• What is needed:
Shown below is a listing with pictures; reproduce exactly, and only, the lines between the ones containing "Award-Winning CX" and "Green chameleon looking", inclusive, leaving the pictures out.

• Exercise data:
━━━━━━━━━━

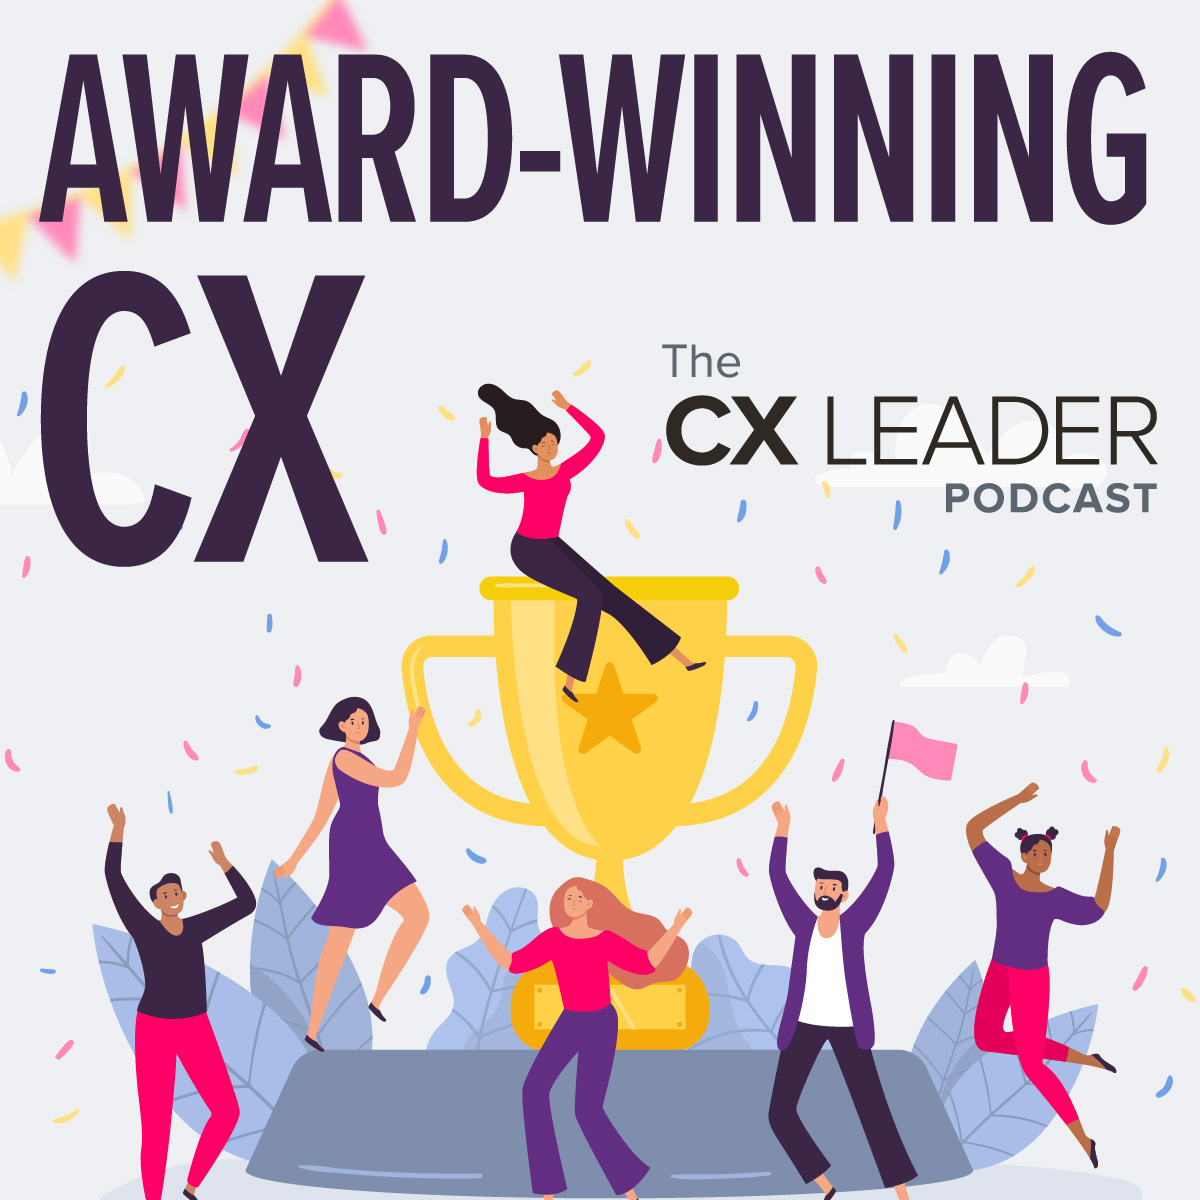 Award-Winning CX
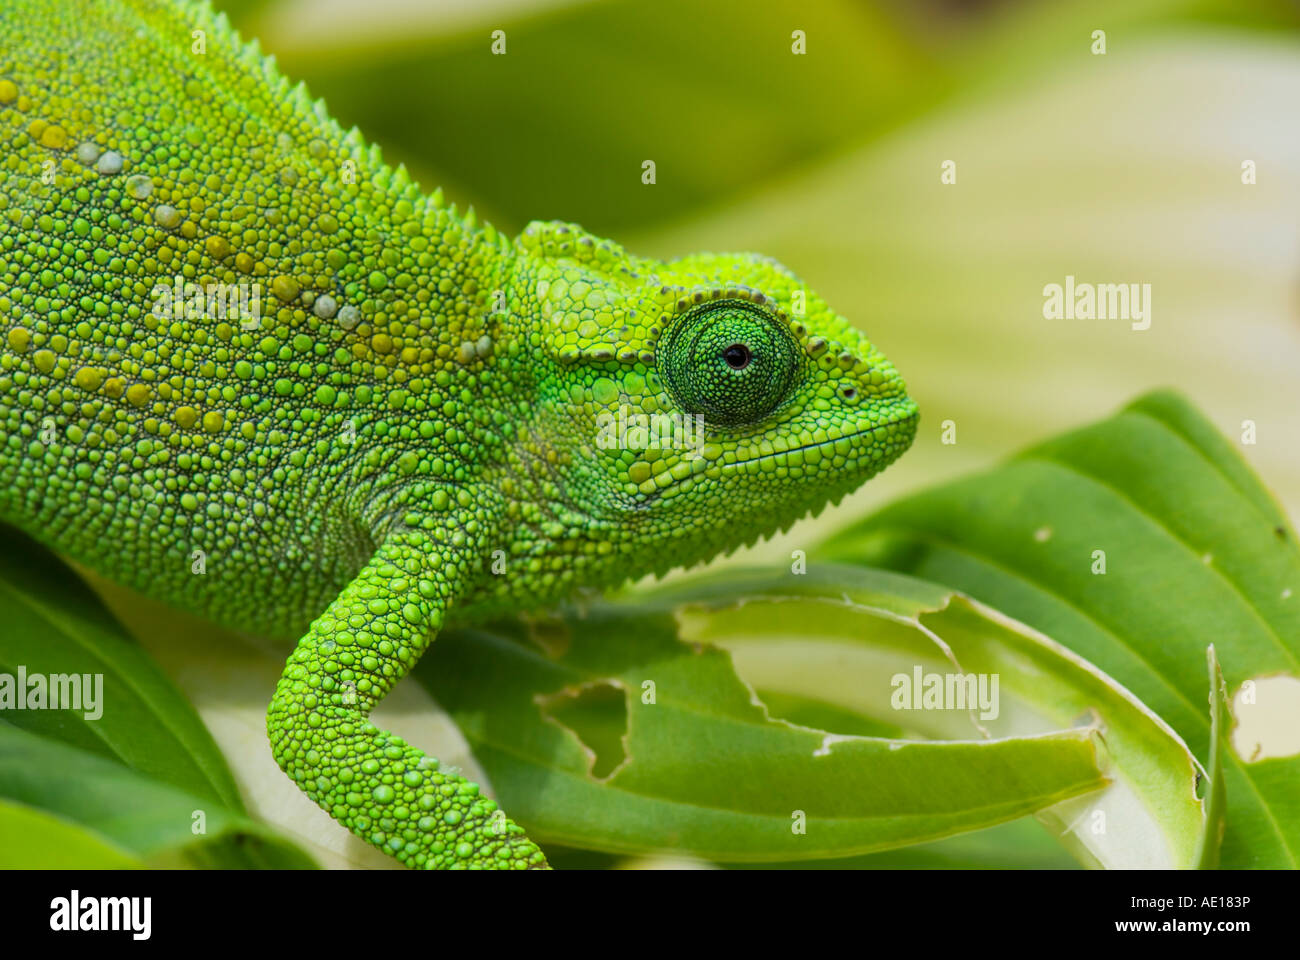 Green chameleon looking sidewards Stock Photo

━━━━━━━━━━

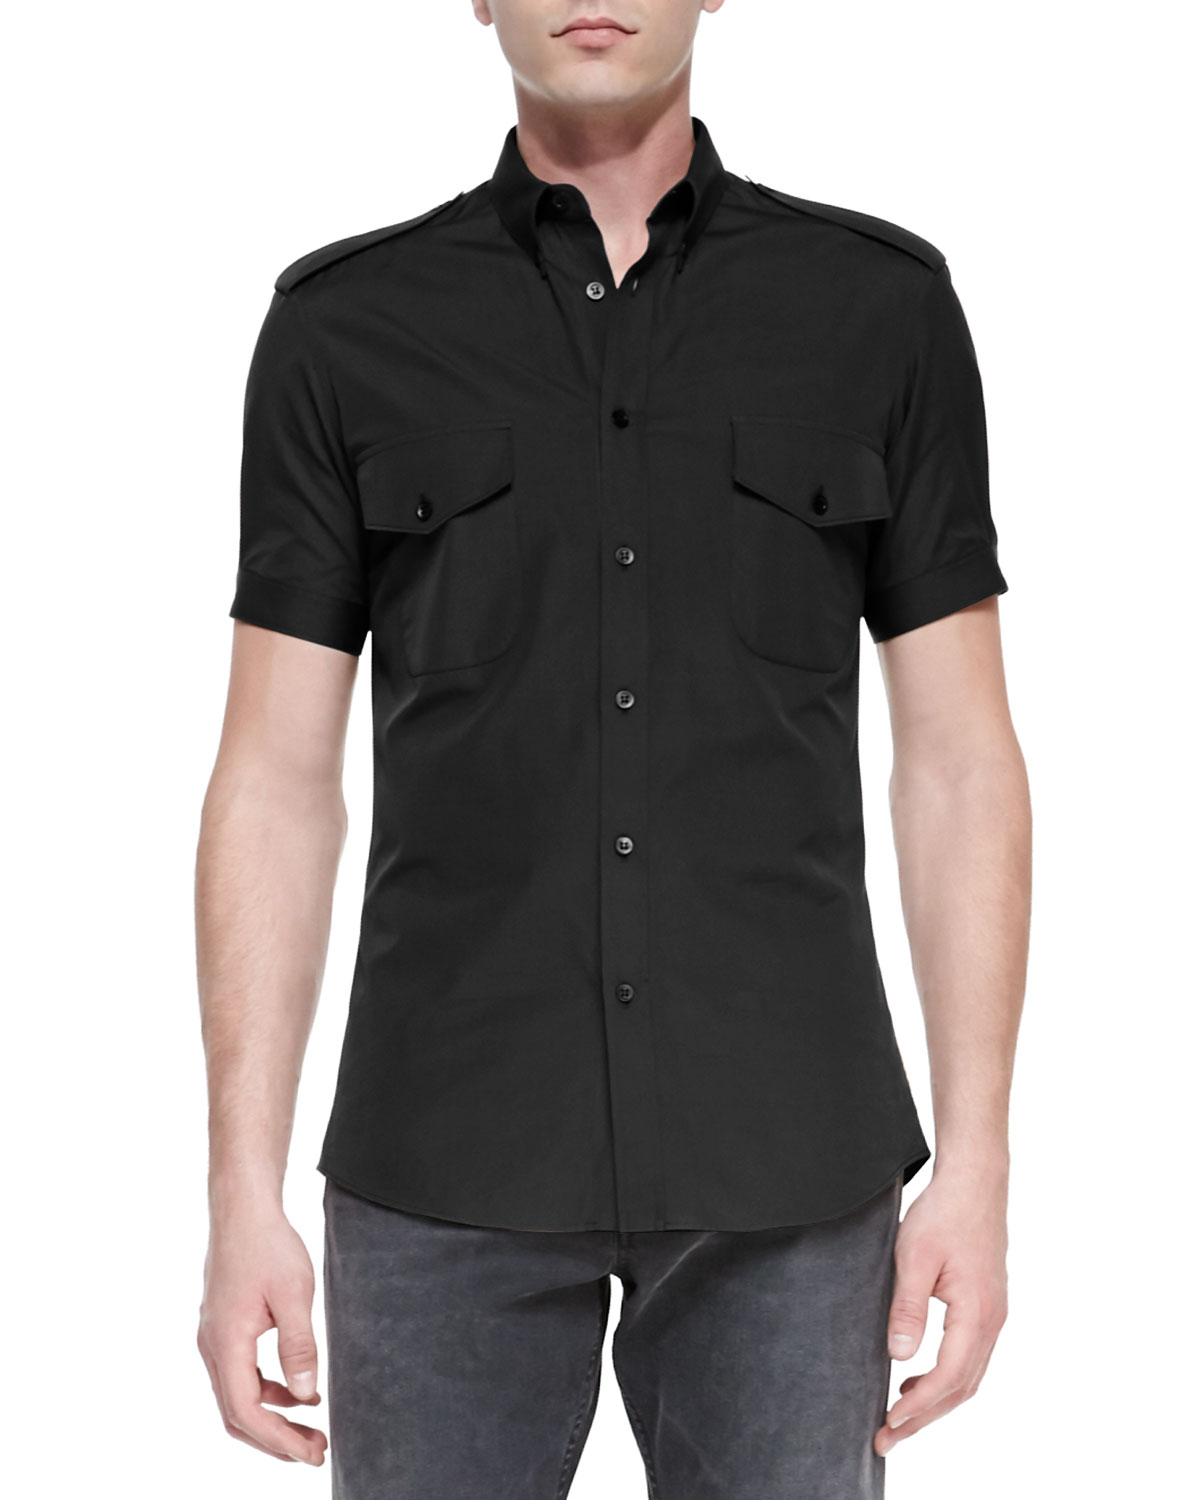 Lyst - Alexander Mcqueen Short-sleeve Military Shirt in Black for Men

━━━━━━━━━━

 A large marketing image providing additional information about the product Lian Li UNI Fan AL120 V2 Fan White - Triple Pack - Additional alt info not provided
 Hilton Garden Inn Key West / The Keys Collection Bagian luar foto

━━━━━━━━━━

• Answer space:
 Award-Winning CX
 Green chameleon looking sidewards Stock Photo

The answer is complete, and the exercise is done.